Data:
..........

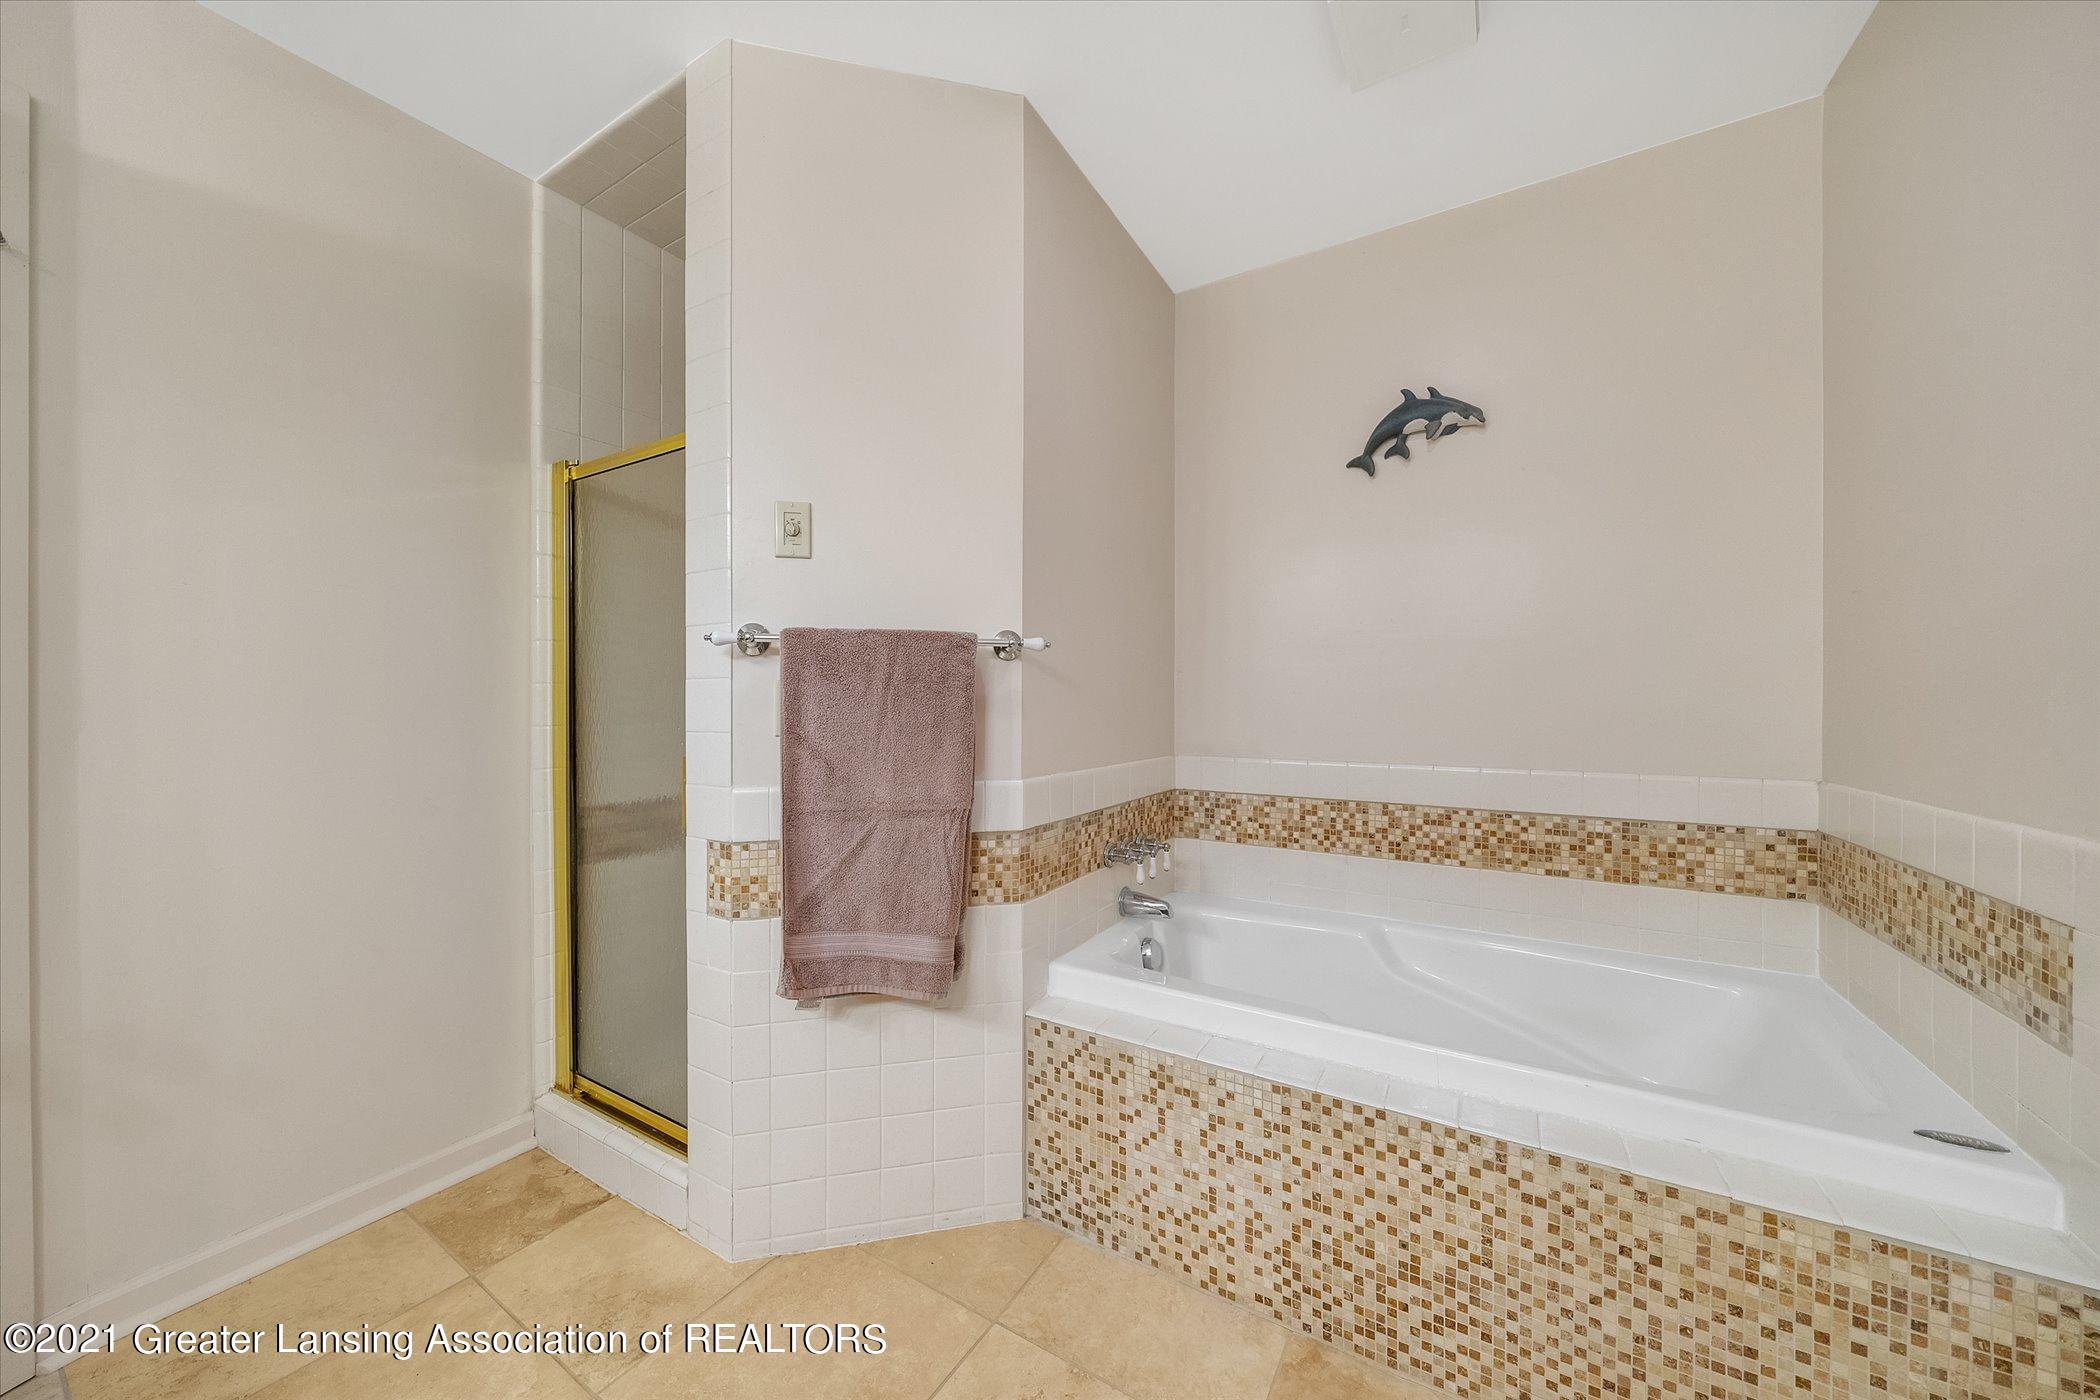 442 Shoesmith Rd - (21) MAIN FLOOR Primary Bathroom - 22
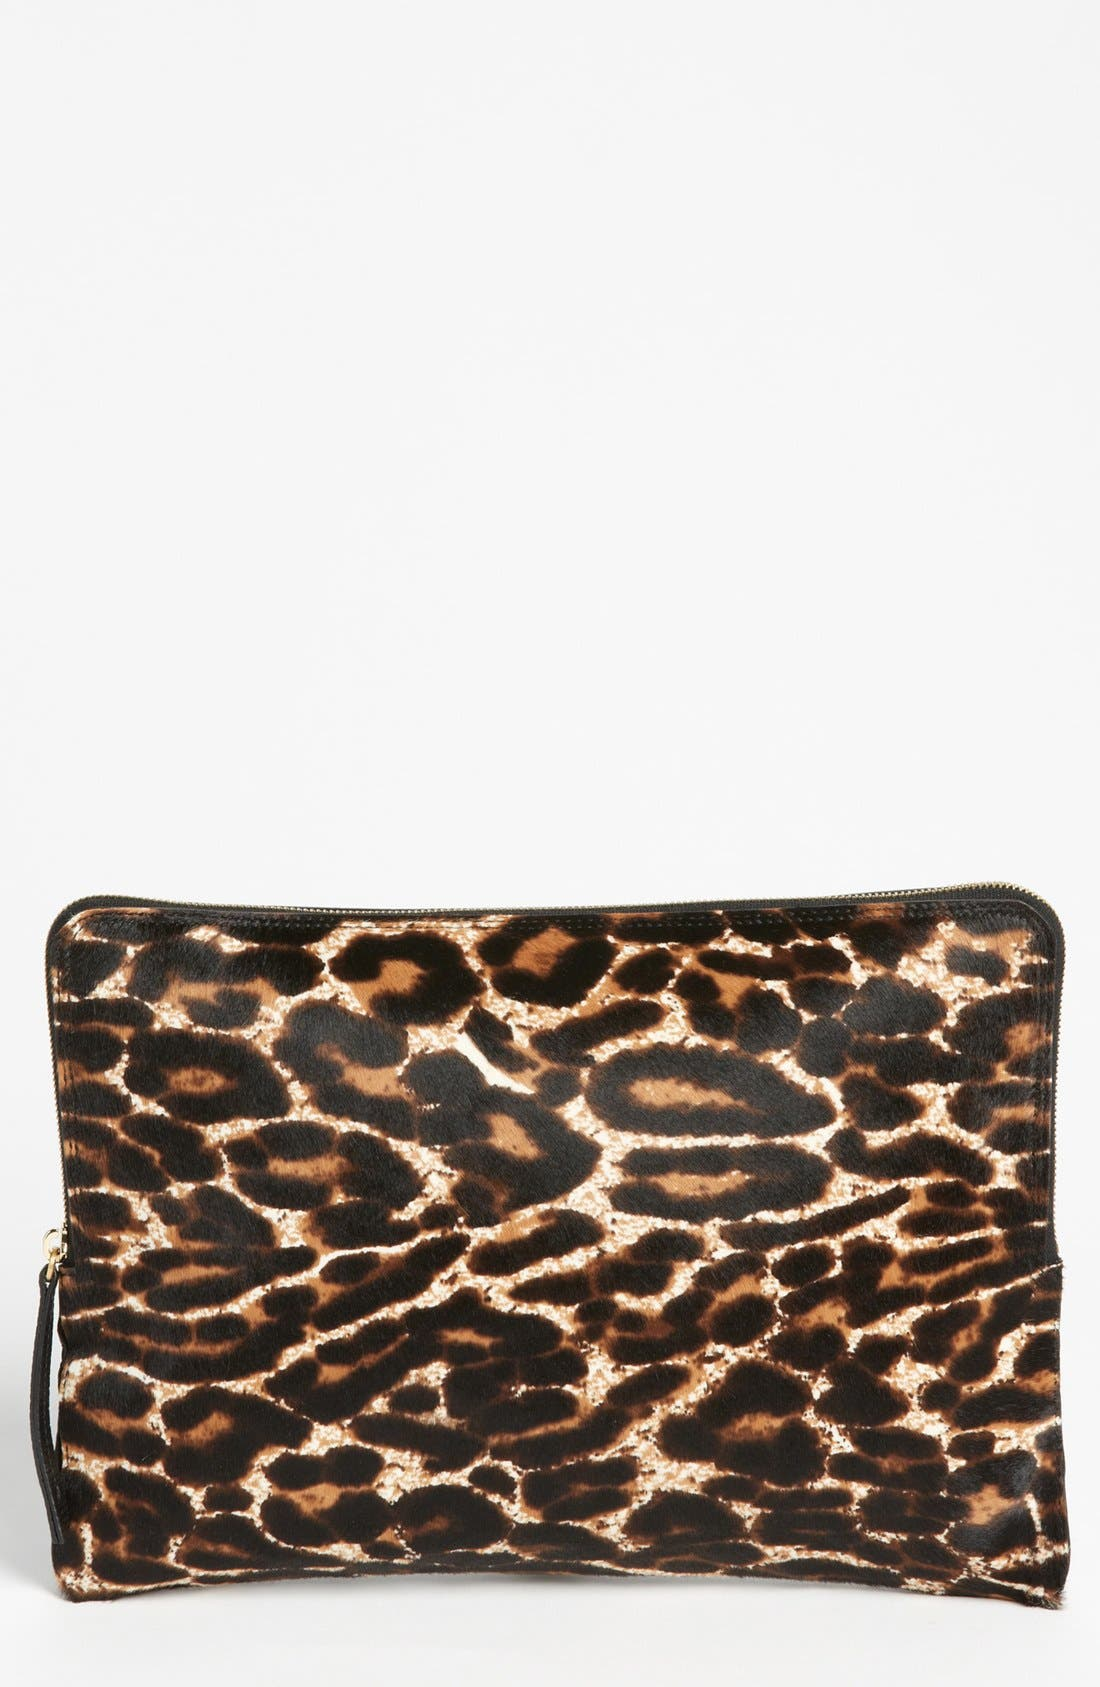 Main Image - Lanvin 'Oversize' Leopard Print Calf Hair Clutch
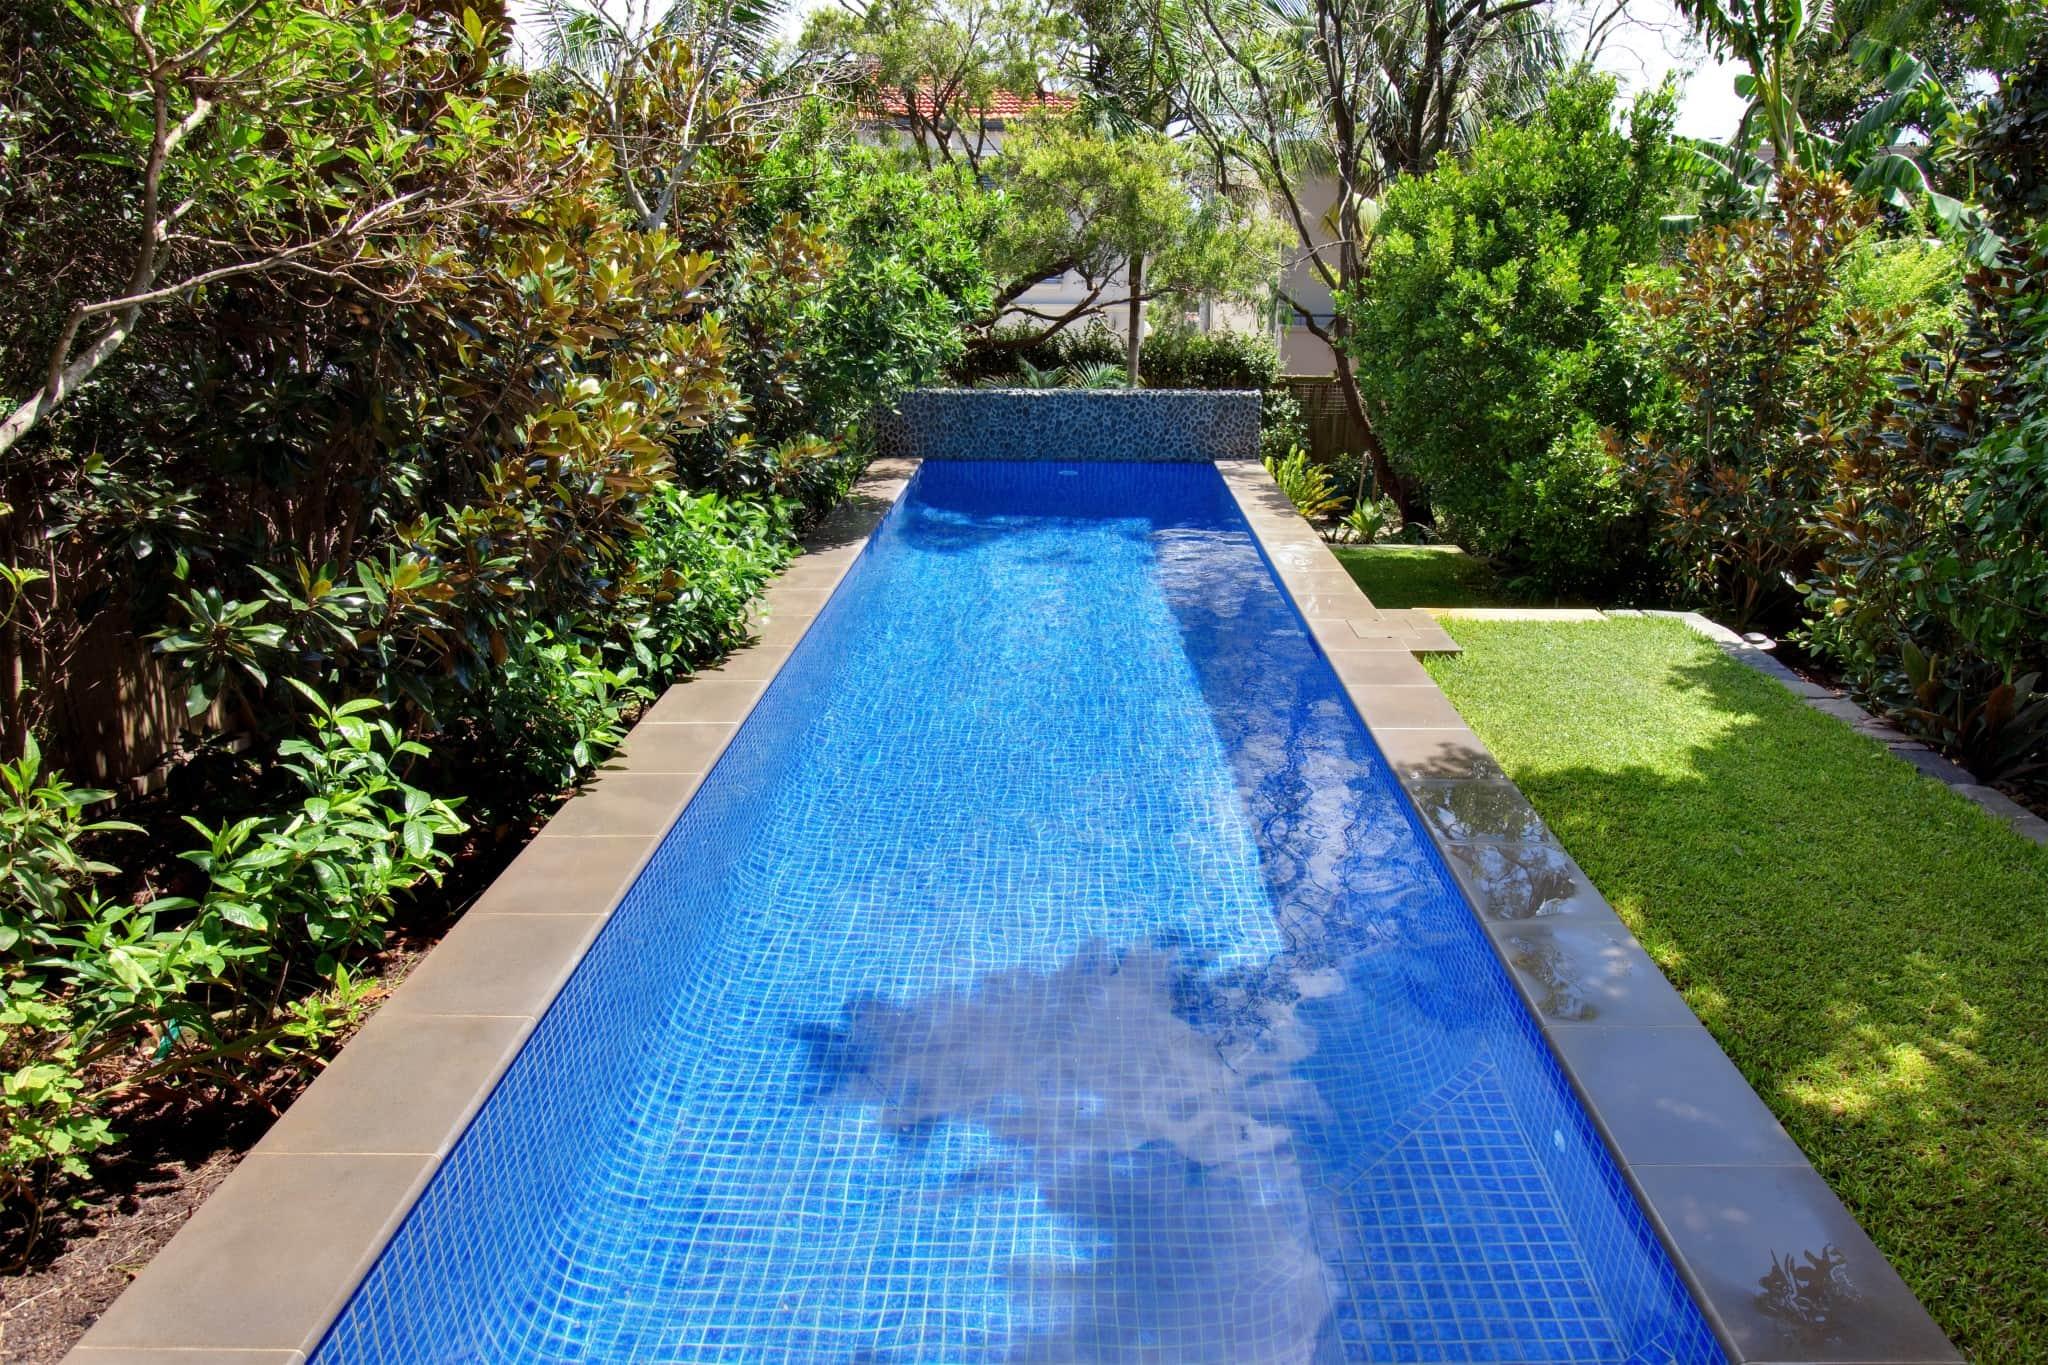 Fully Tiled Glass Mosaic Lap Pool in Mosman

..........

Task description:
When repeating the listing, keep each line exact and exclude the pictures.

Exercise solution:
 442 Shoesmith Rd - (21) MAIN FLOOR Primary Bathroom - 22
 Main Image - Lanvin 'Oversize' Leopard Print Calf Hair Clutch
 Fully Tiled Glass Mosaic Lap Pool in Mosman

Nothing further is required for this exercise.